Spelling it like it is, comrade
Sidey was buoyed by the Art of Protest, a 'pop-up' exhibition (it's great, it's modern, it could be a toaster) in Manchester, celebrating the culture of dissent but slightly concerned by one image of a young man holding a handmade placard that sought to draw attention to the iniquity of unpaid work experience opportunities in which large companies hold out the promise of employment to young people able to afford to work for nothing for a considerable period of time. The banner might have had a bigger impact had the final word of the "Stop free internship" message not been missing a pivotal 'N'

Radio Toff disappoints over muesli
Let us state for the record that Sideliner is no enemy of change per se but Row Z finds itself firmly on the side of the disgruntled when it comes to changes to Radio 3's breakfast output. Having Jean from Doncaster pop up at just gone half past eight to explain “down the line” why Vivaldi's Four Seasons reminds her of a lovely weekend in Formby in 1971 or Bob from Godalming celebrating Handel's Messiah because it reminds him of his Auntie Pauline who always loved a good tune is beginning to grate.

Radio with toughs, far better
Speaking of the wireless, the BBC’s fifth channel – the one that deals with news and sport – is absolutely at its best when there is no sport actually happening. Saturday morning previews of kickball contests are immeasurably more entertaining than the subsequent commentaries or the round-ups; even the phone-ins are often amusing and, yes, engaging. Friday evening is an example, although this is not a slot much visited by the trendy young folk from Row Z Towers who down their electronic tools on the stroke of 6 o’clock each week before adding gel to their hair and a swagger to their step as they “shoot off” to a chrome-and-steel wine bar in the centre, nay the hub, of town. Those with less pressing alcoholic needs, however, were treated recently to Colin Murray interviewing Roy Keene and then Noel Gallagher about the then forthcoming Manchester derby. Gallagher on music and football was a joy and Murray’s delight at nailing the interview palpable. Yes, he did go on a bit later about Pat Nevin’s candidacy for the rectorship of a Scottish university – he called him Hannibal Rector (sigh) – but taken as a whole, fantastic listening.

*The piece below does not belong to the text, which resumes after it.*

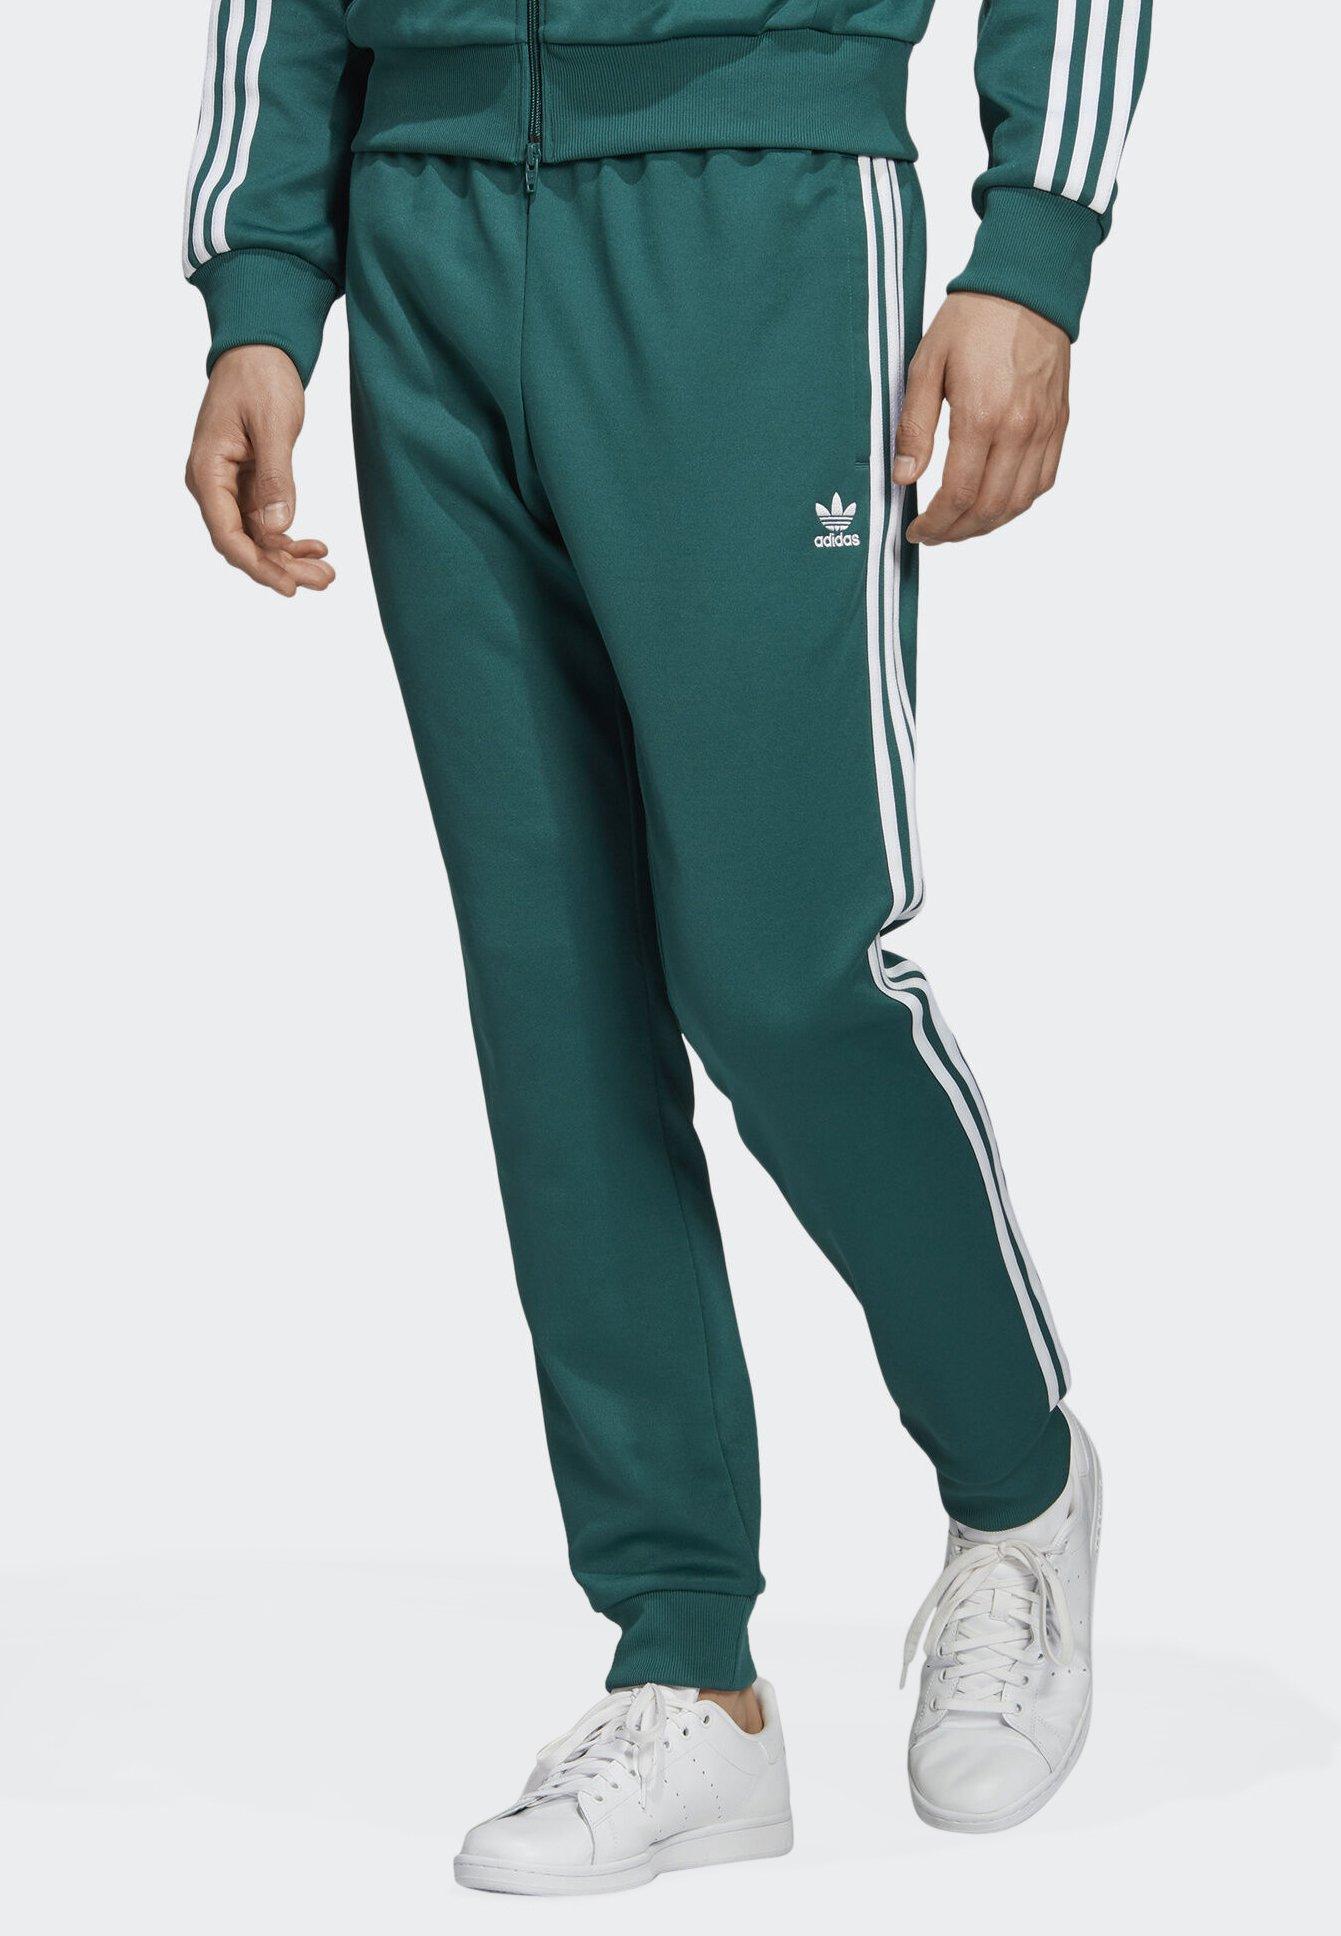 Calor Tipo delantero Sanción  adidas Originals SST TRACKSUIT BOTTOMS - Pantalon de survêtement - green -  ZALANDO.FR

Like a Springer Spaniel with a smelly tennis ball, this feature is about to cross the line between ‘lovable’ and ‘aggravating’ but until it does, “Fetch, Lily”:

What have we learned from:

Sport England dropping the SCUK equity workshop from Clubmark: that you can lead a sports club to a workshop but you can not make them value it; that spirals go down as well as up; that the good, white, middle-aged, middle-class people who run British sport don’t need to be challenged unnecessarily on their attitudes to race, gender, sexuality or disability as it might upset them.

Motor sport: that there are some things you don’t joke about

Tevez versus Manchester City: that had Mancini met Tevez when the former was in his prime he would have kicked him into the abroad equivalent of Row Z; that, according to some, a professional kickballer being asked to warm up is tantamount to ritual humiliation; that Gordon the Hutt of the PFA is the love child of Vidkun Quisling and X-Factor Billy Nomates, Louis Walsh; that the ‘professional’ in ‘professional football’ is one of the most inappropriate uses of an adjective since someone called Tony Blair an honest broker.

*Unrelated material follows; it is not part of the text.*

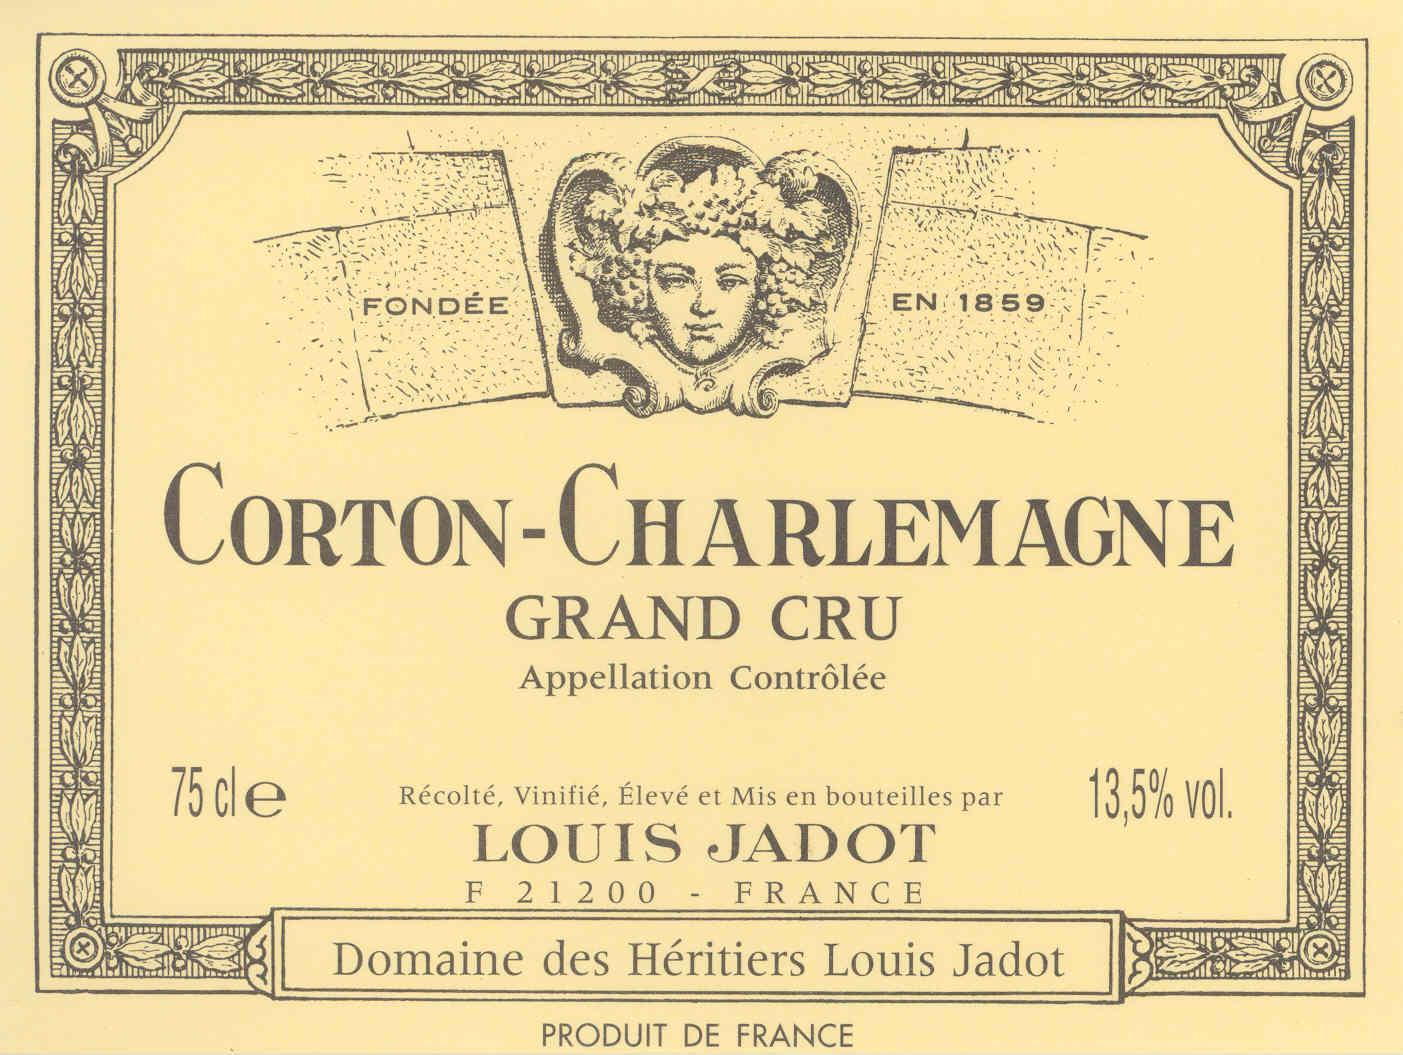 Corton charlemagne original

Talk Sport versus the BBC: that some people get above themselves some times; that self-interest is a powerful motivator; that only someone wanting to score cheap points would argue that angling, badminton and hockey will make riveting radio; that the BBC completely fulfil their responsibility to minority interest – and indeed very boring – sports by their extended coverage of Formula 1.